**Aim of the exercise:**
A word-for-word retyping of the listing below is required, with the pictures dropped.

**Dataset excerpt:**
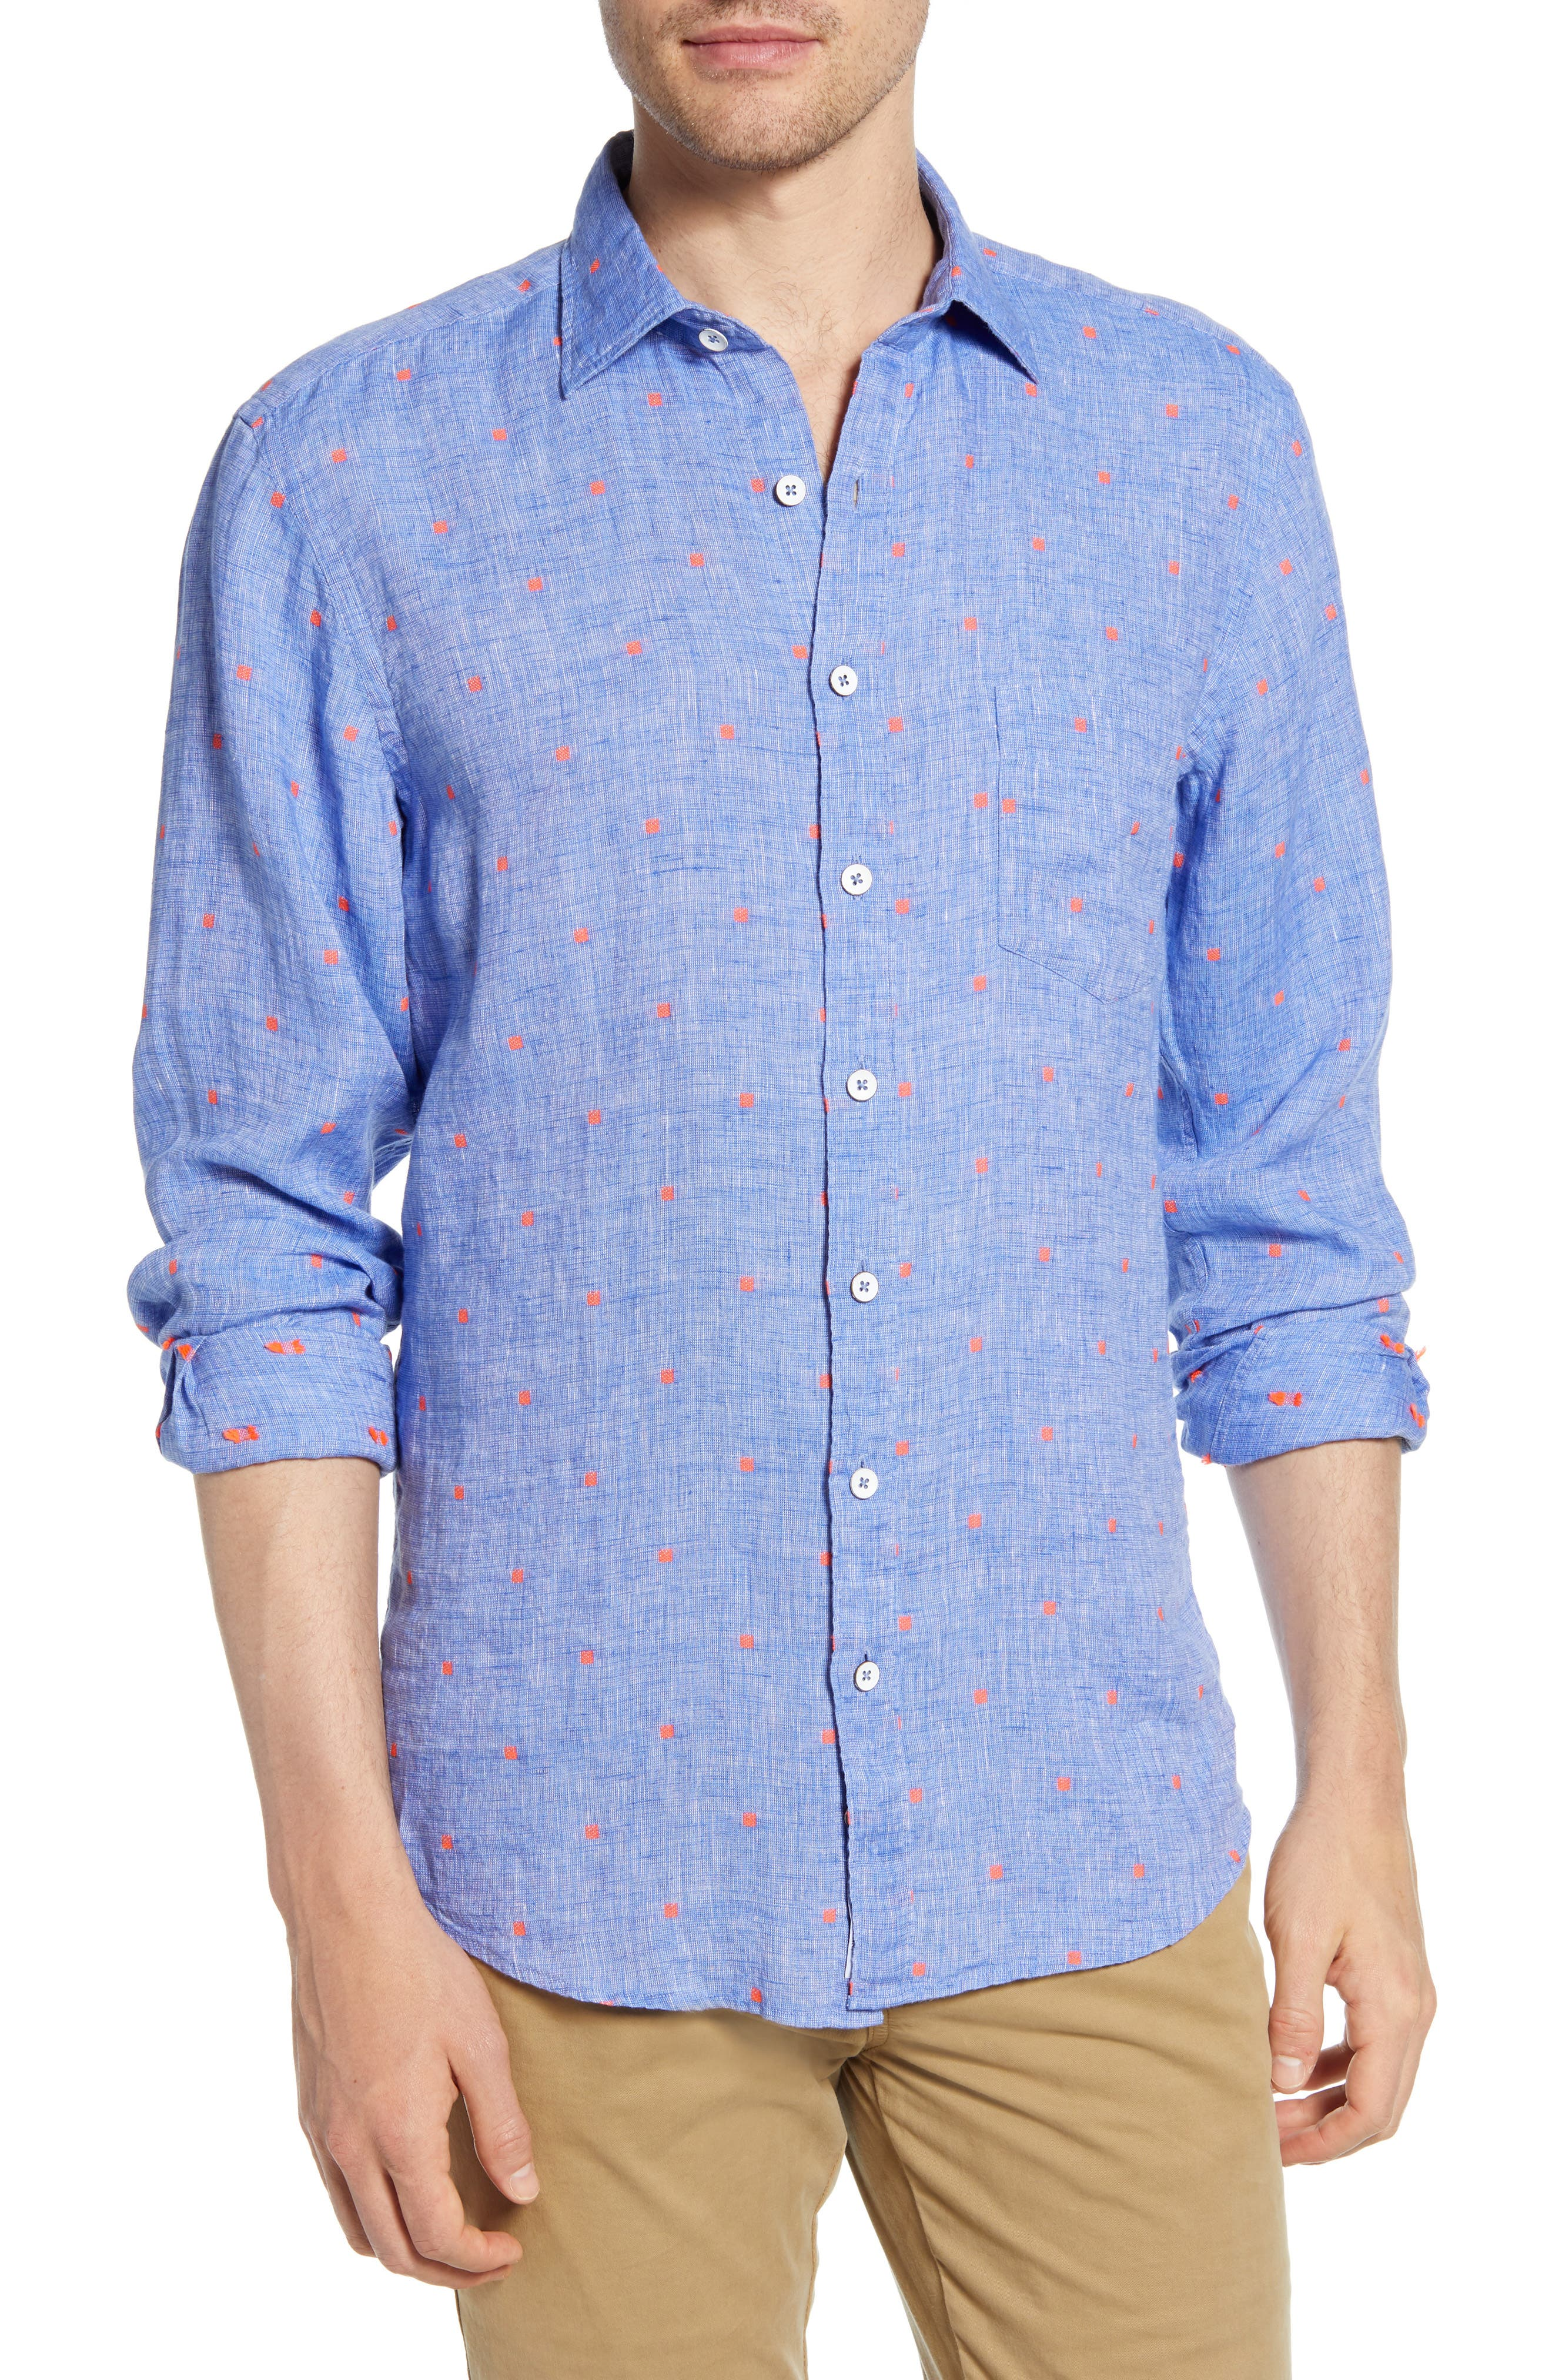 Image of RODD AND GUNN Fox Street Regular Fit Shirt
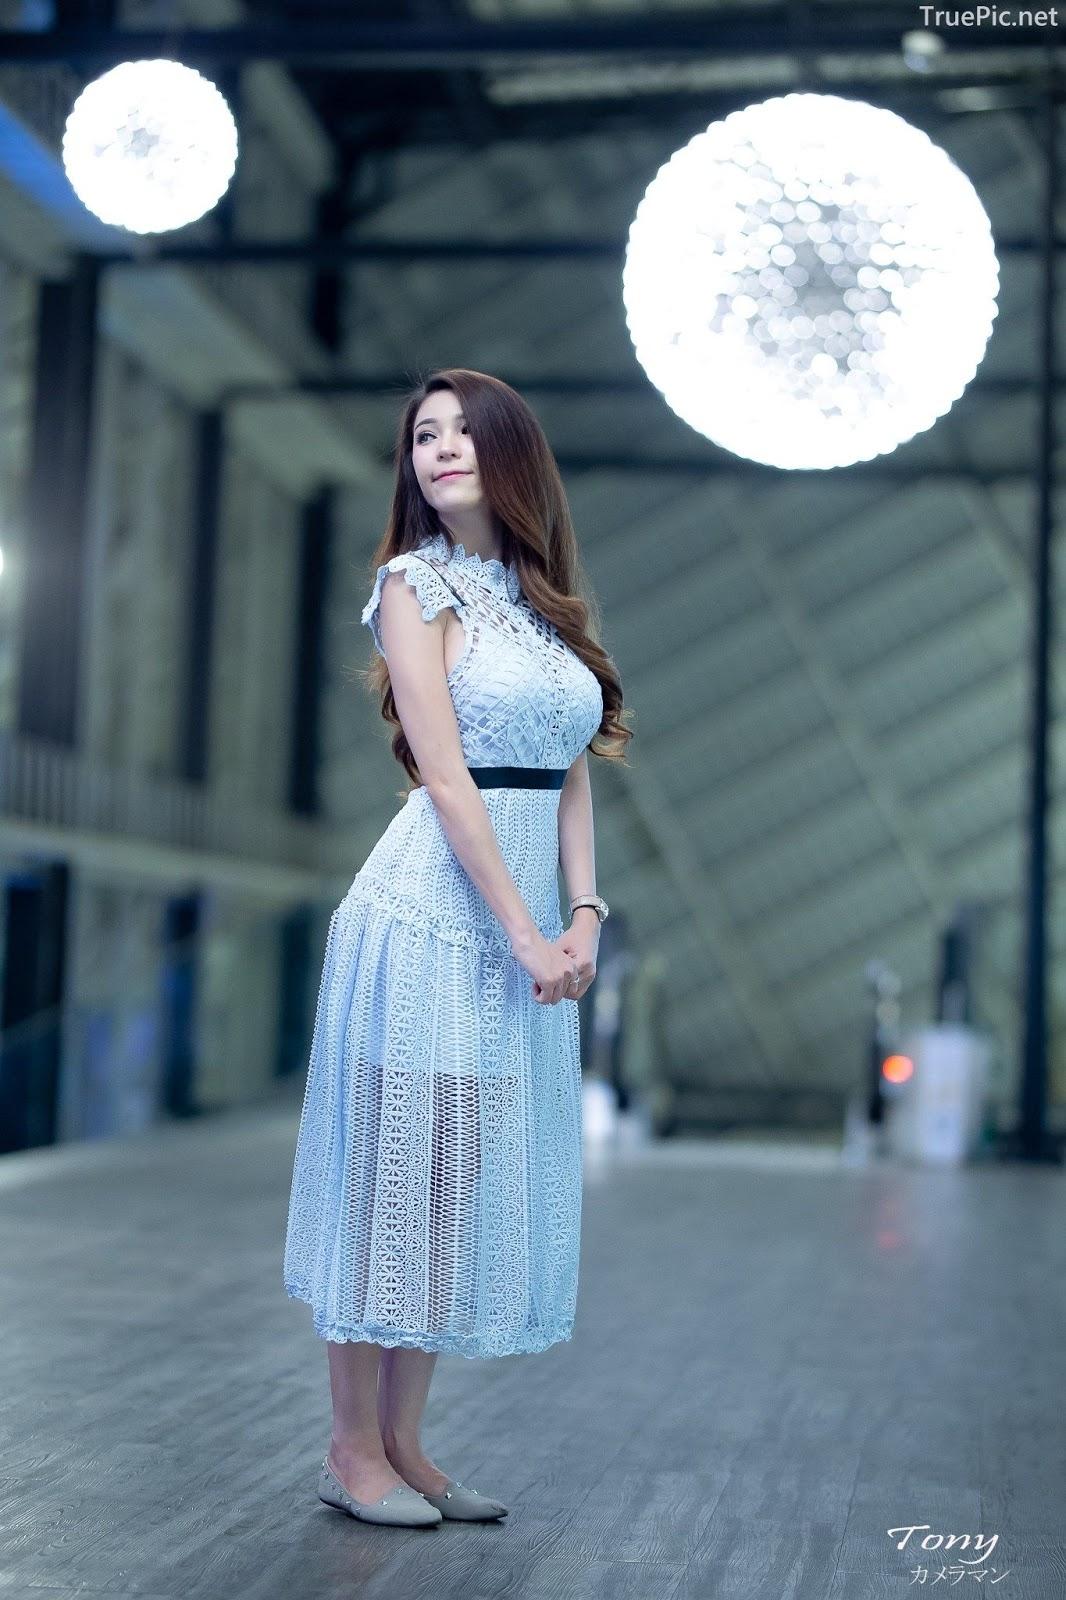 Thailand hot model – Janet Kanokwan Saesim – Sexy vs Cute and Bra vs Long Dress - Picture 6
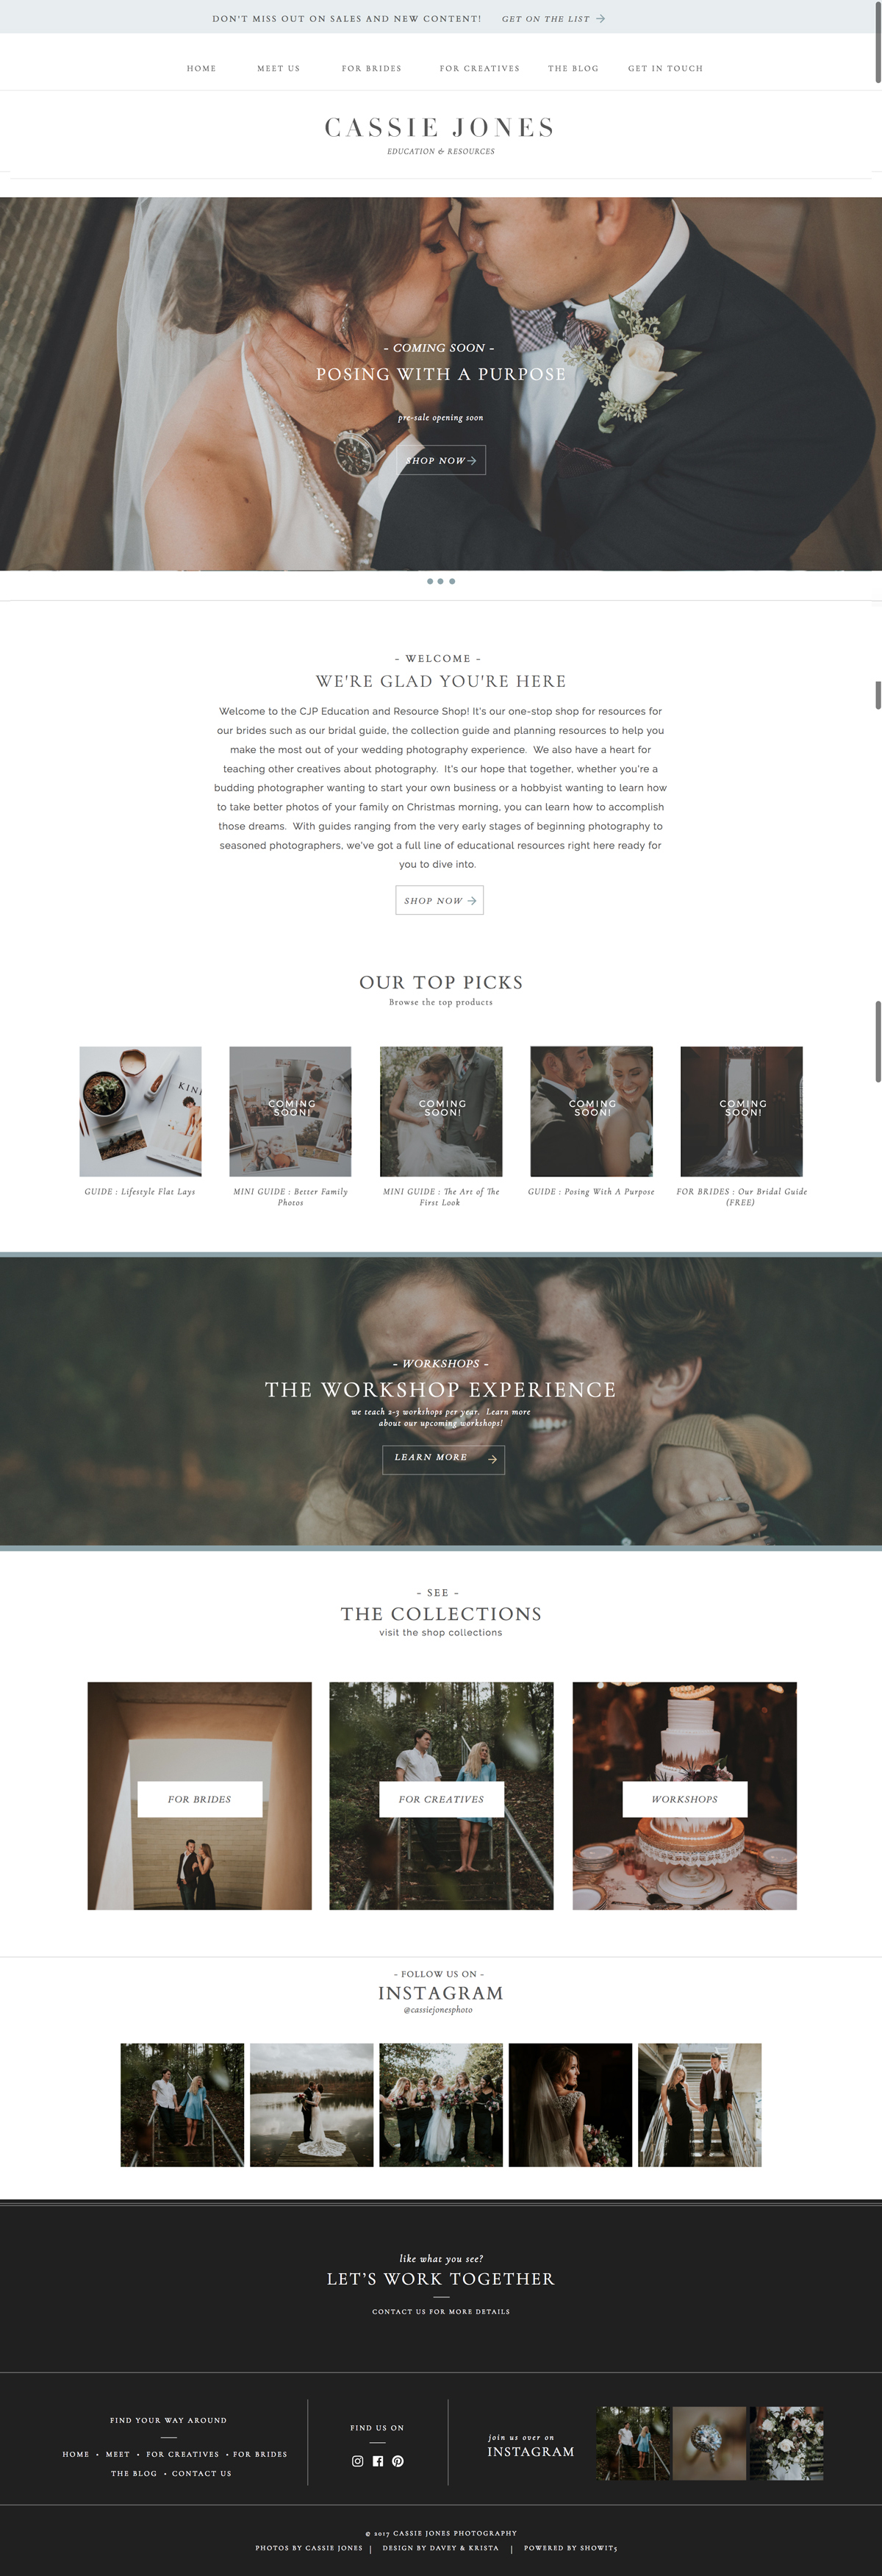 Classic, minimalist, website template for photographer Cassie Jones | Davey & Krista

**Your solution:**
 Image of RODD AND GUNN Fox Street Regular Fit Shirt
 Thailand hot model – Janet Kanokwan Saesim – Sexy vs Cute and Bra vs Long Dress - Picture 6
 Classic, minimalist, website template for photographer Cassie Jones | Davey & Krista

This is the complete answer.